Action item » Copy verbatim the span of lines beginning at the line that contains "PaperStyle PS BLANK" and ending with the final line of the data. Exclude pictures from the copy.

[Dataset excerpt — start]

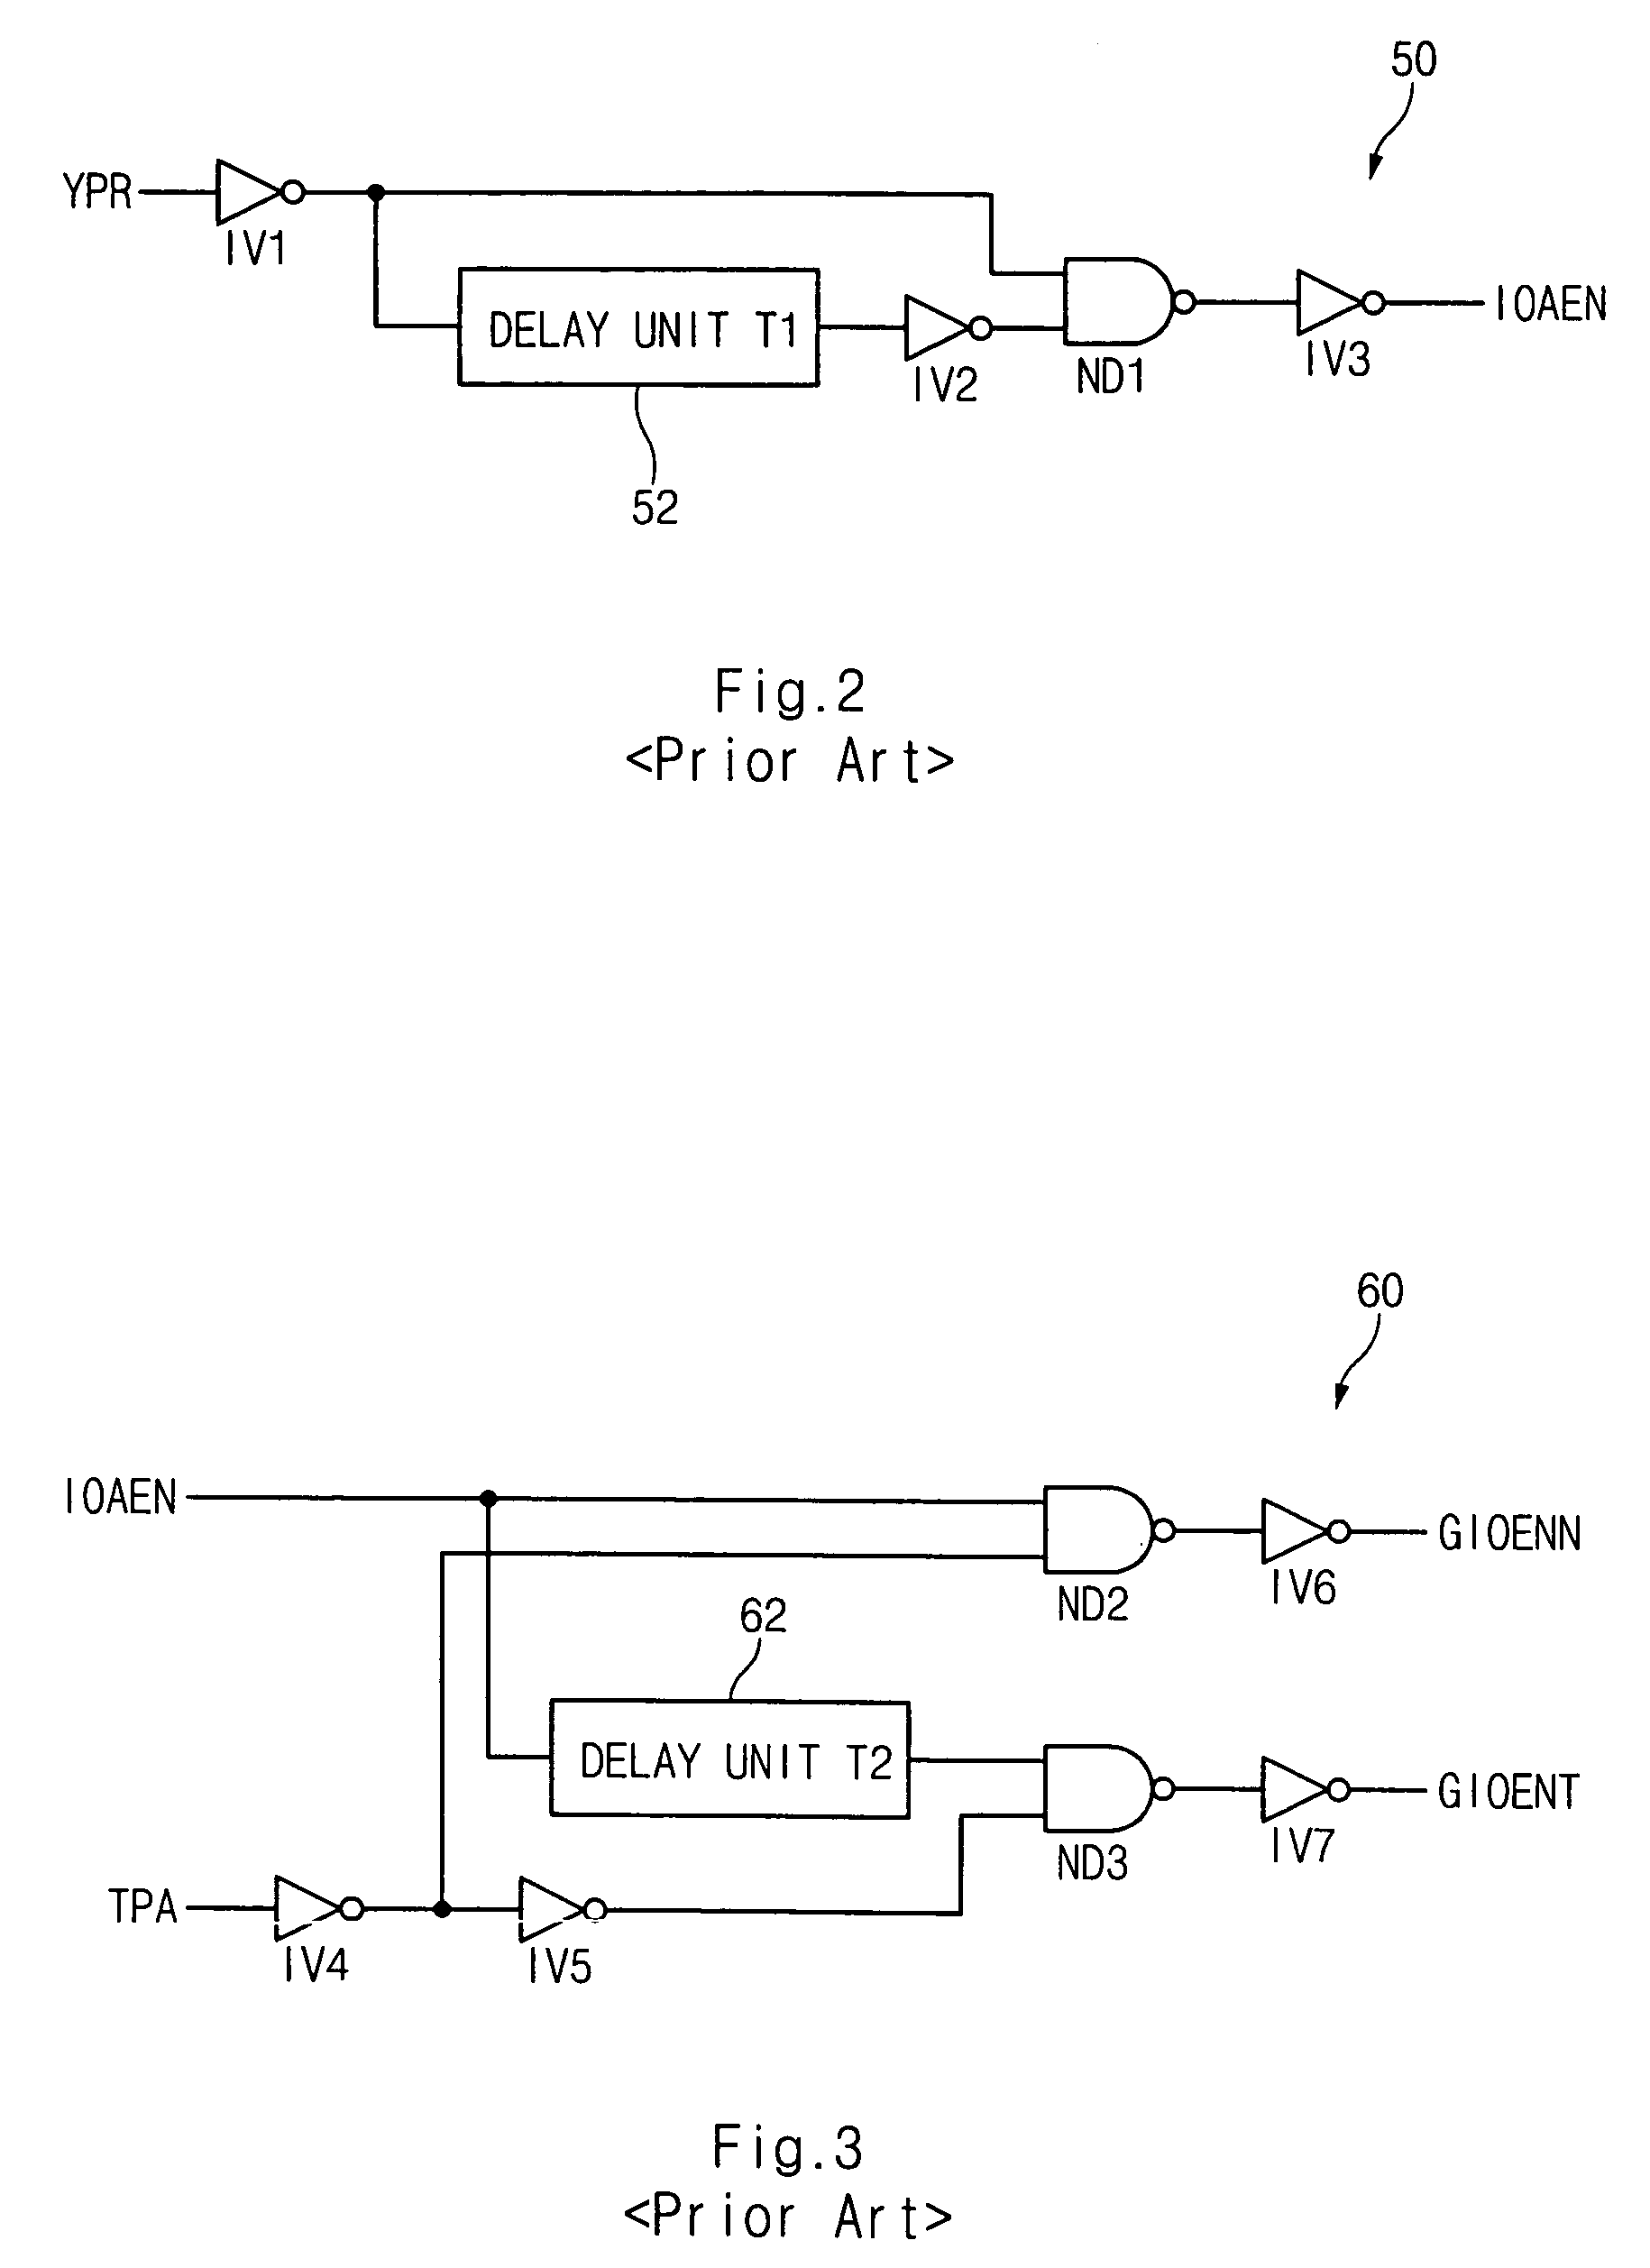 Parallel compression test circuit of memory device
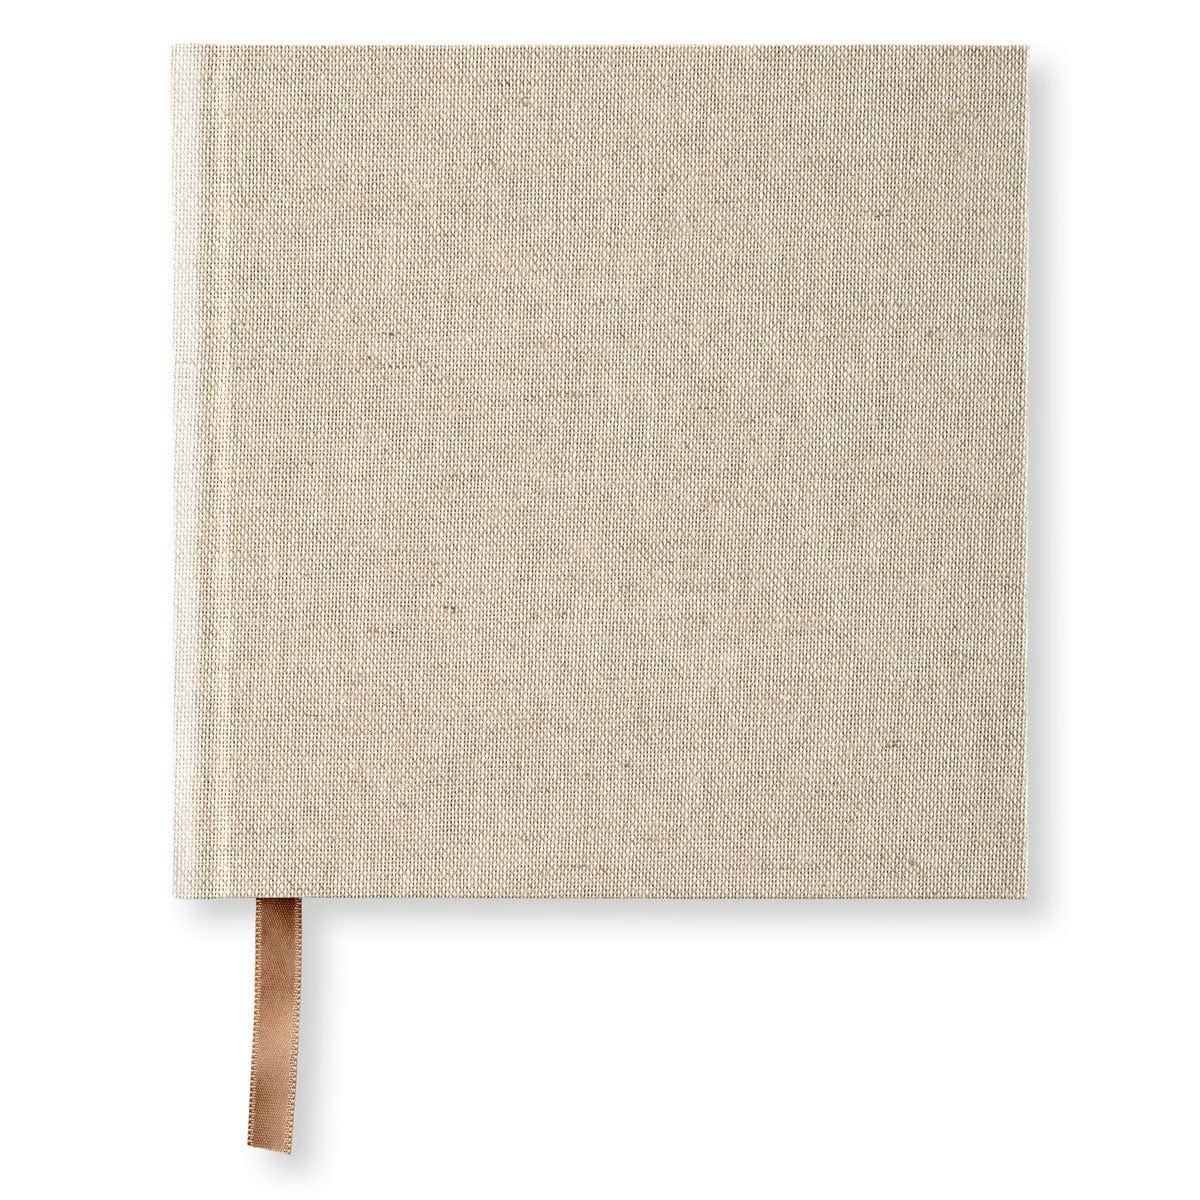 PaperStyle PS BLANK BOOK 185 x 185 Rough Linen
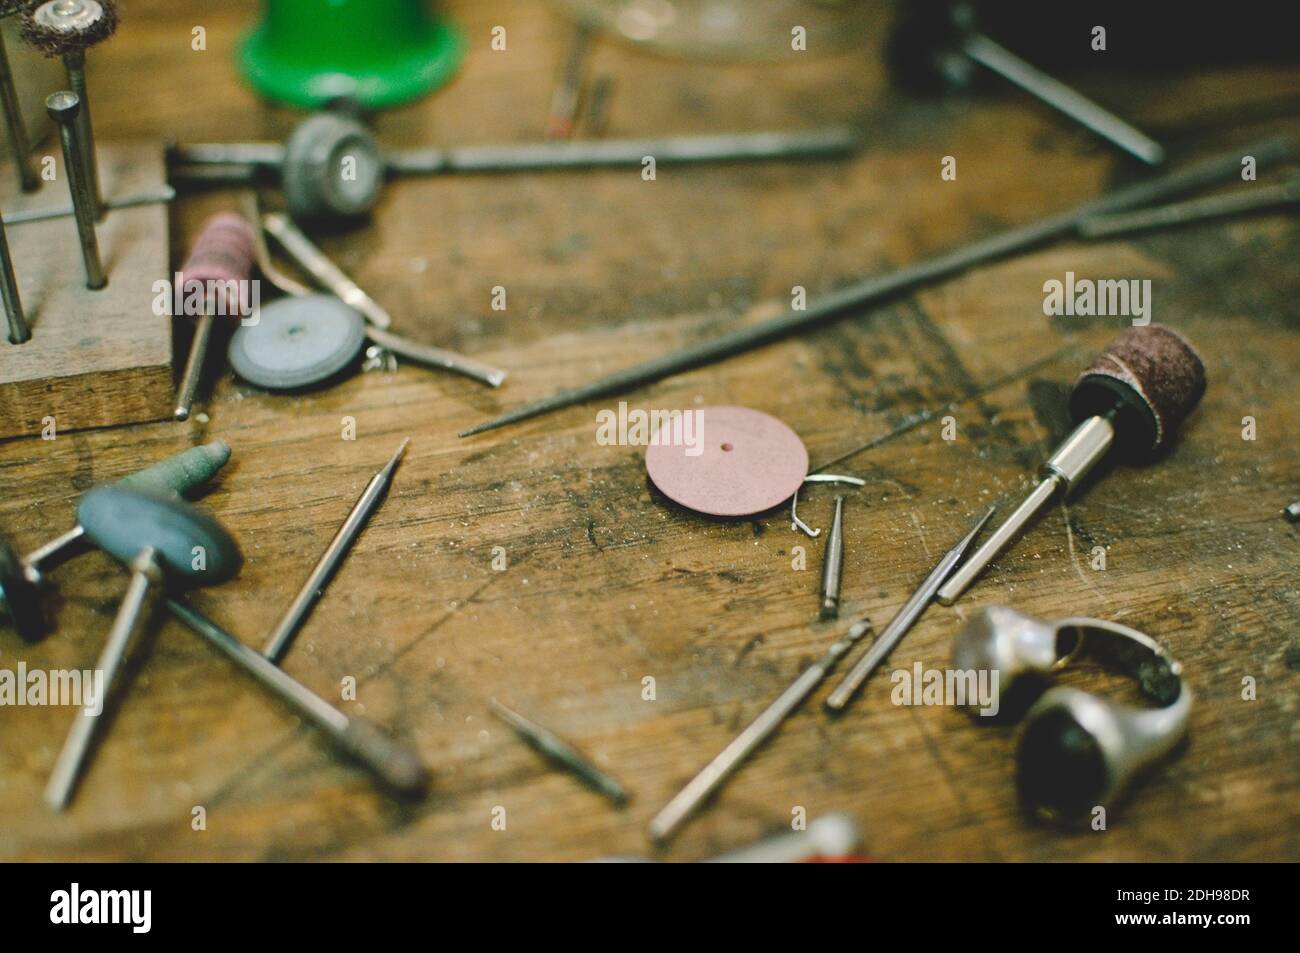 High angle view of jewelry making tools on workbench in workshop Stock Photo

[Dataset excerpt — finish]

Completed exercise »
 PaperStyle PS BLANK BOOK 185 x 185 Rough Linen
 High angle view of jewelry making tools on workbench in workshop Stock Photo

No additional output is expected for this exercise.